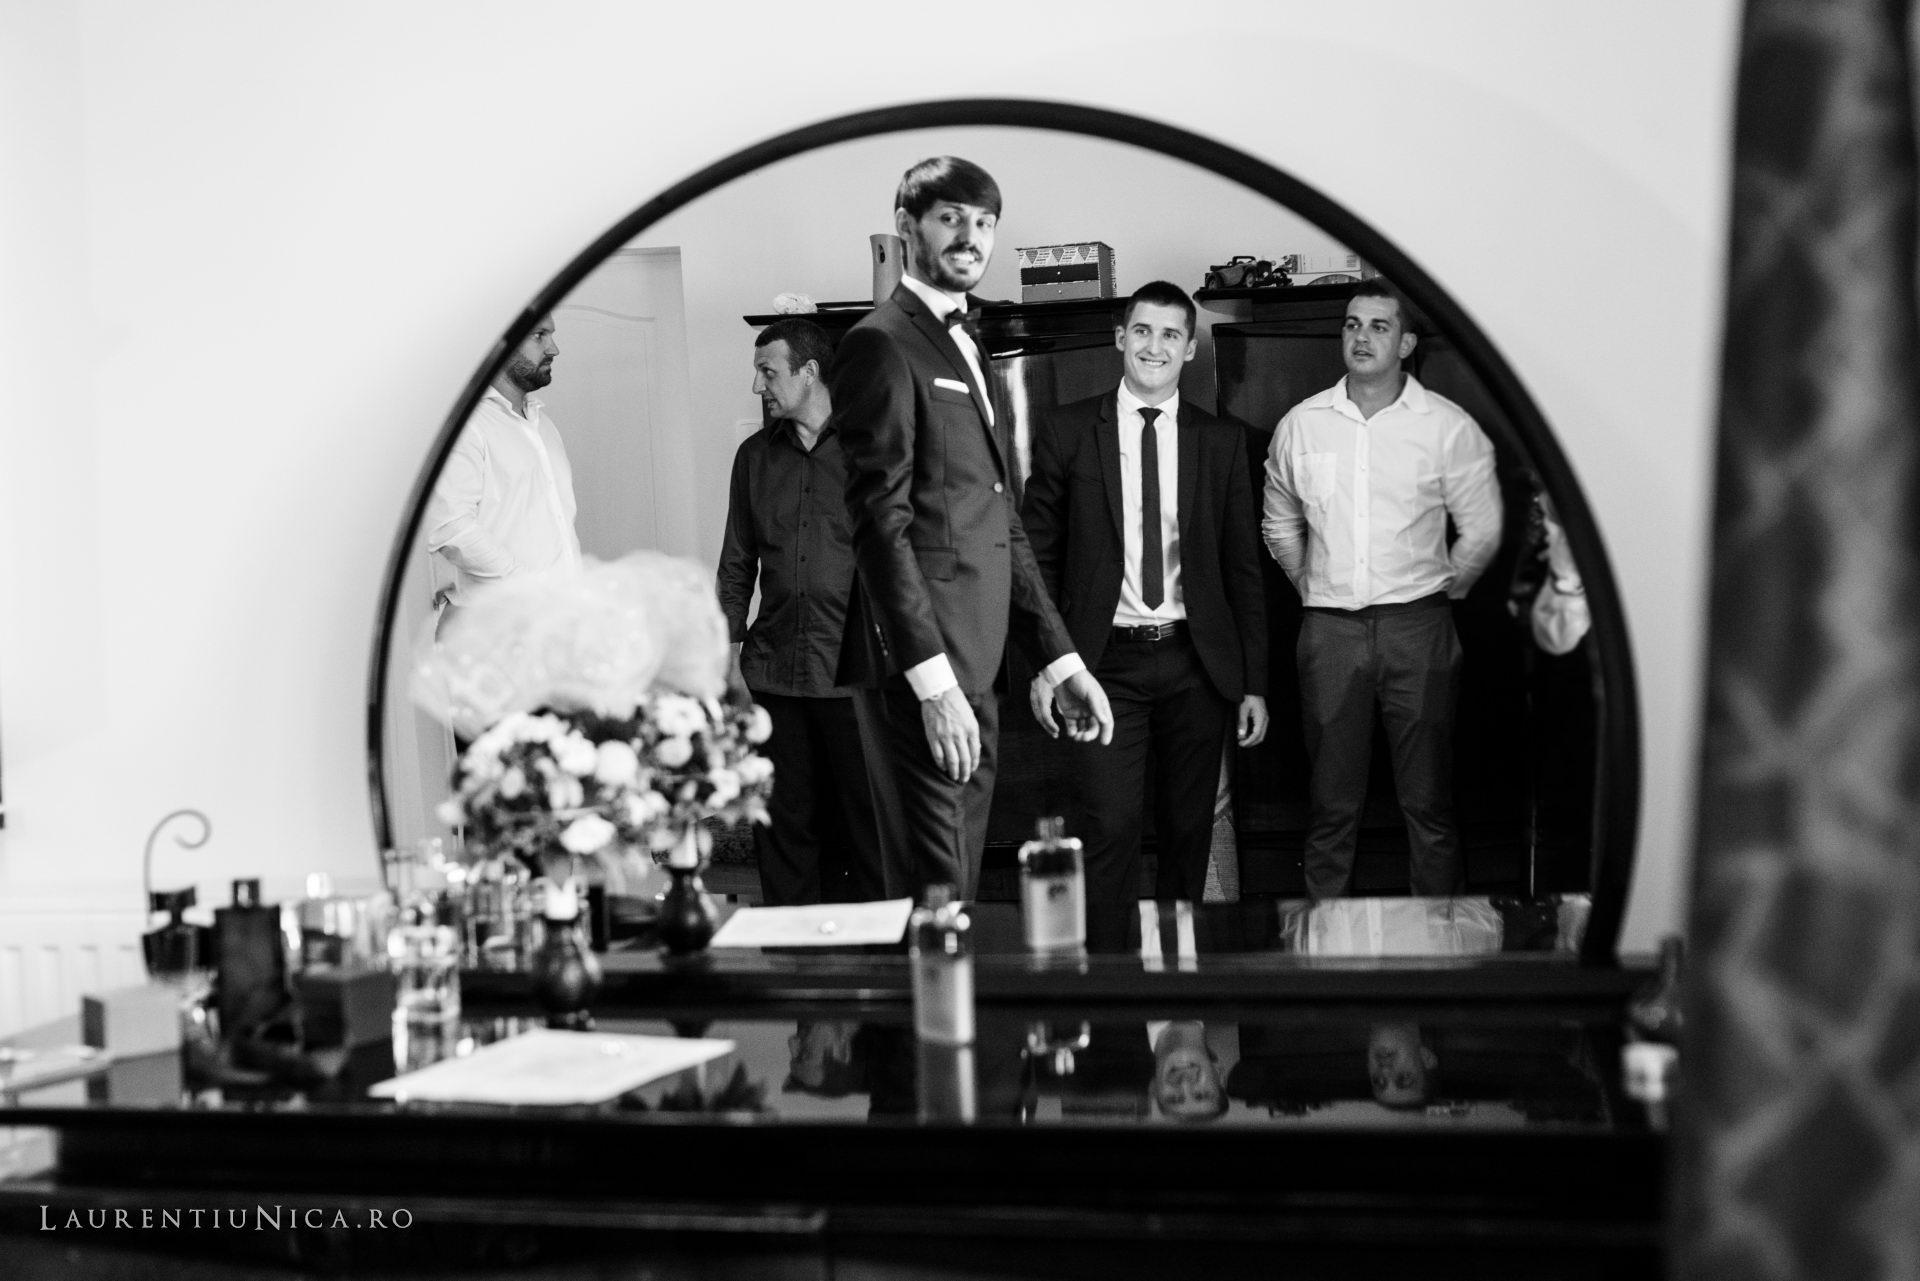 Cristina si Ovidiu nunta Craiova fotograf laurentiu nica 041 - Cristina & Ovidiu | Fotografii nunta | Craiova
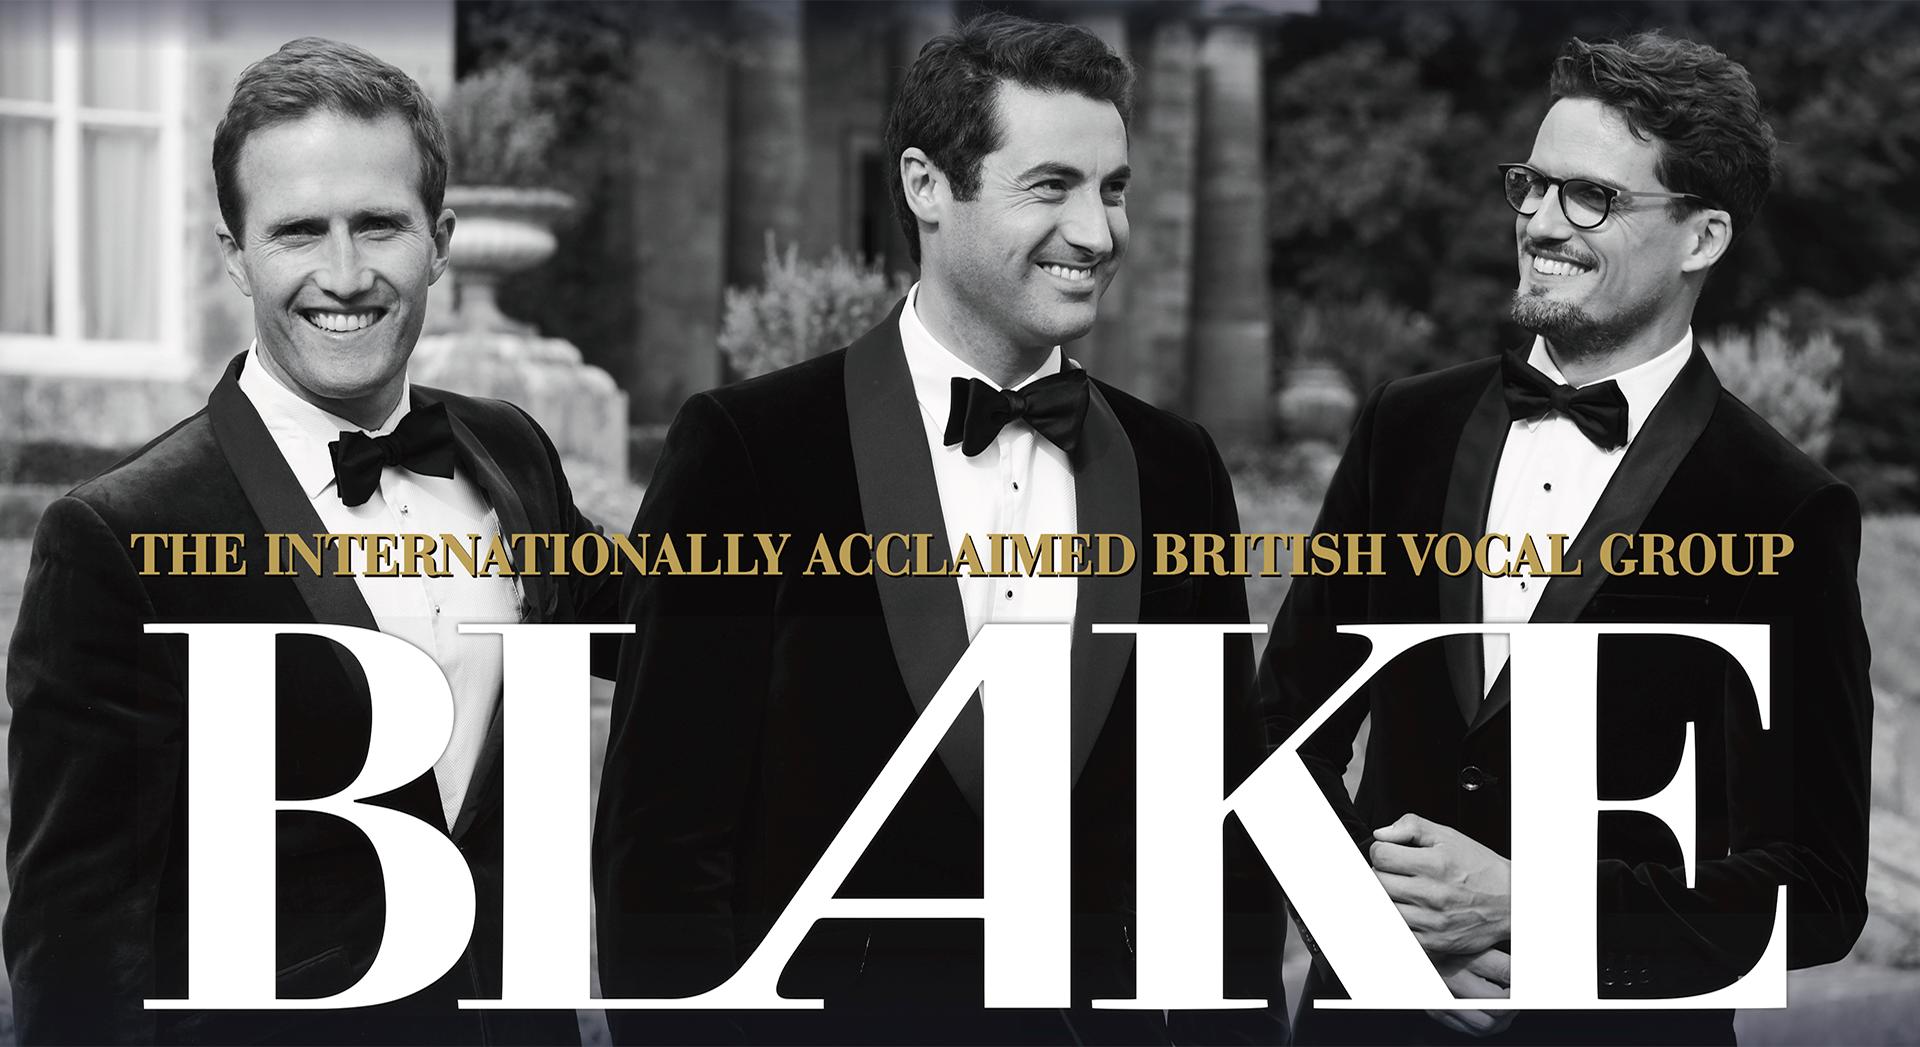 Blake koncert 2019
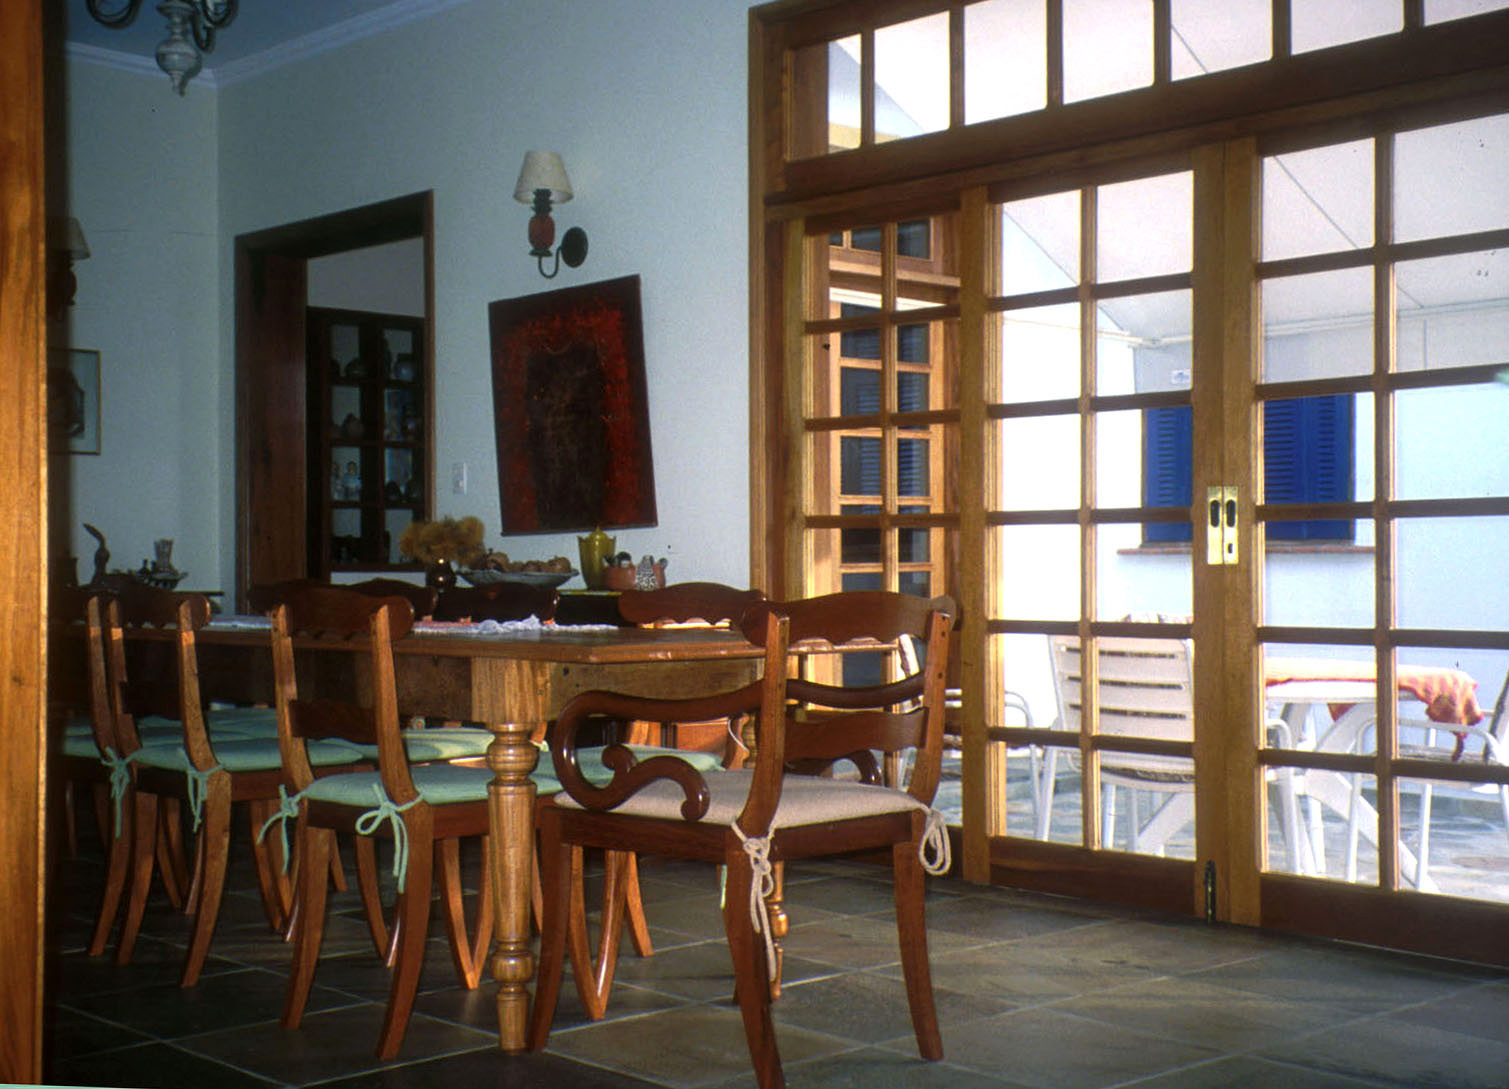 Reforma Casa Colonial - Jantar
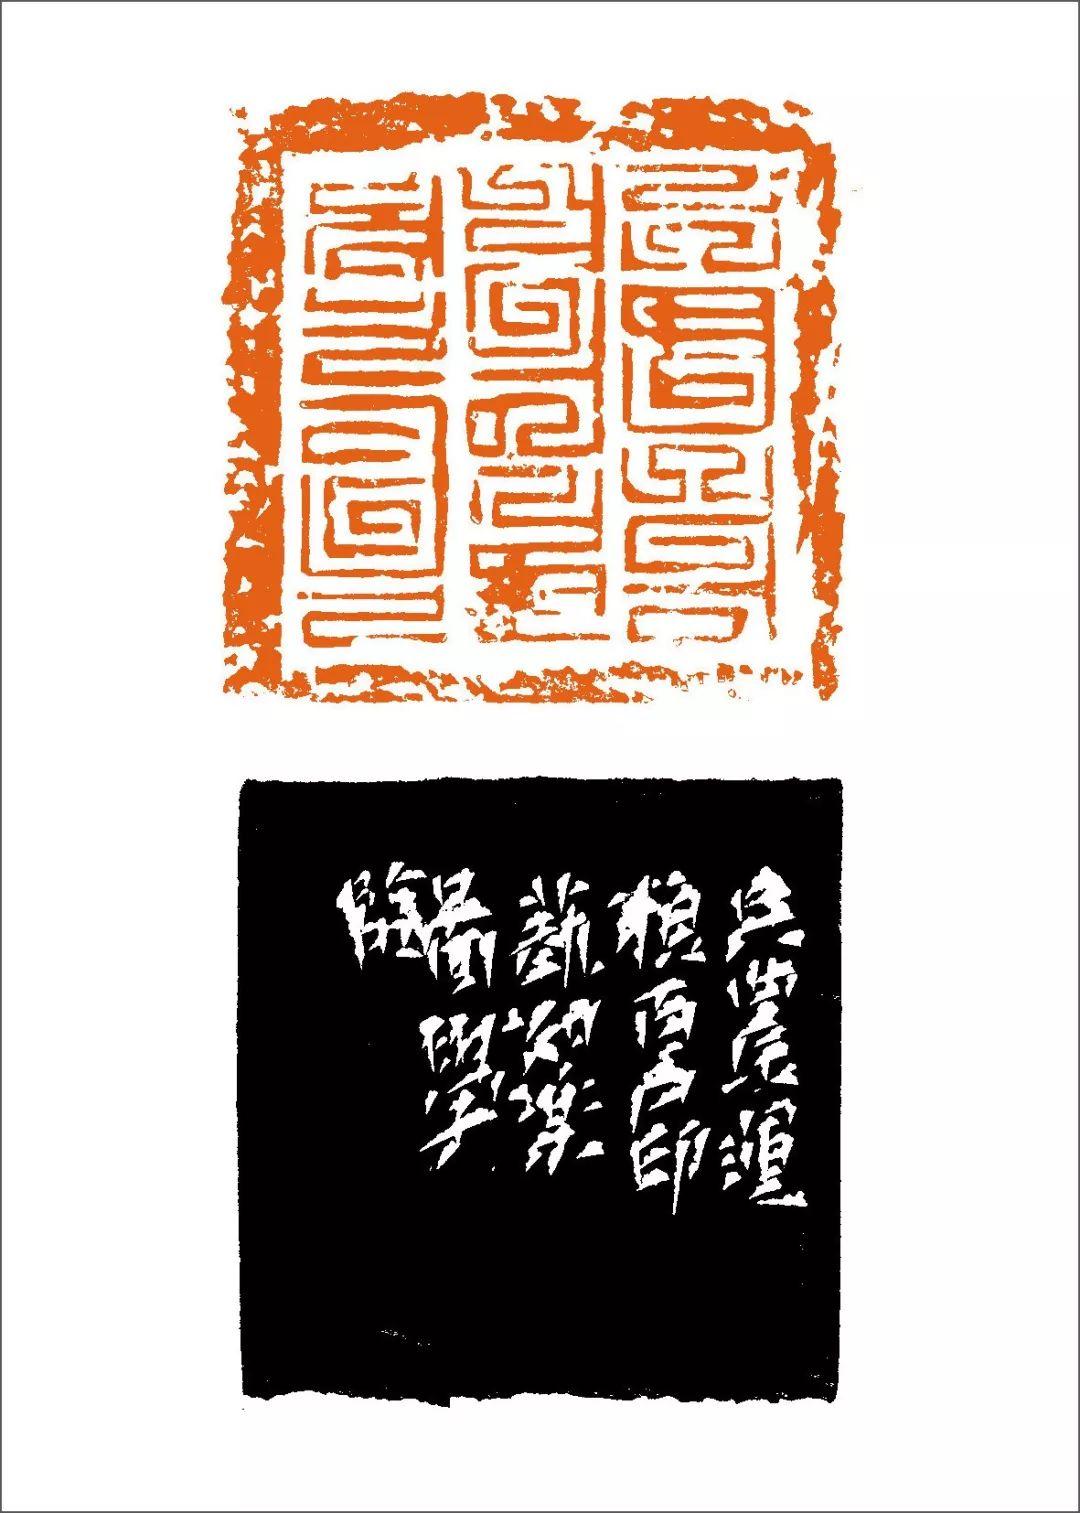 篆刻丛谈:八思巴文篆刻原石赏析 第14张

────────────────────────────────────────

> **Problem details**: Please produce an exact copy of all the material, leaving out the pictures.

> **Solution to the exercise**:
 Cristina si Ovidiu nunta Craiova fotograf laurentiu nica 041 - Cristina & Ovidiu | Fotografii nunta | Craiova
 Blake koncert 2019
 Reforma Casa Colonial - Jantar
 篆刻丛谈:八思巴文篆刻原石赏析 第14张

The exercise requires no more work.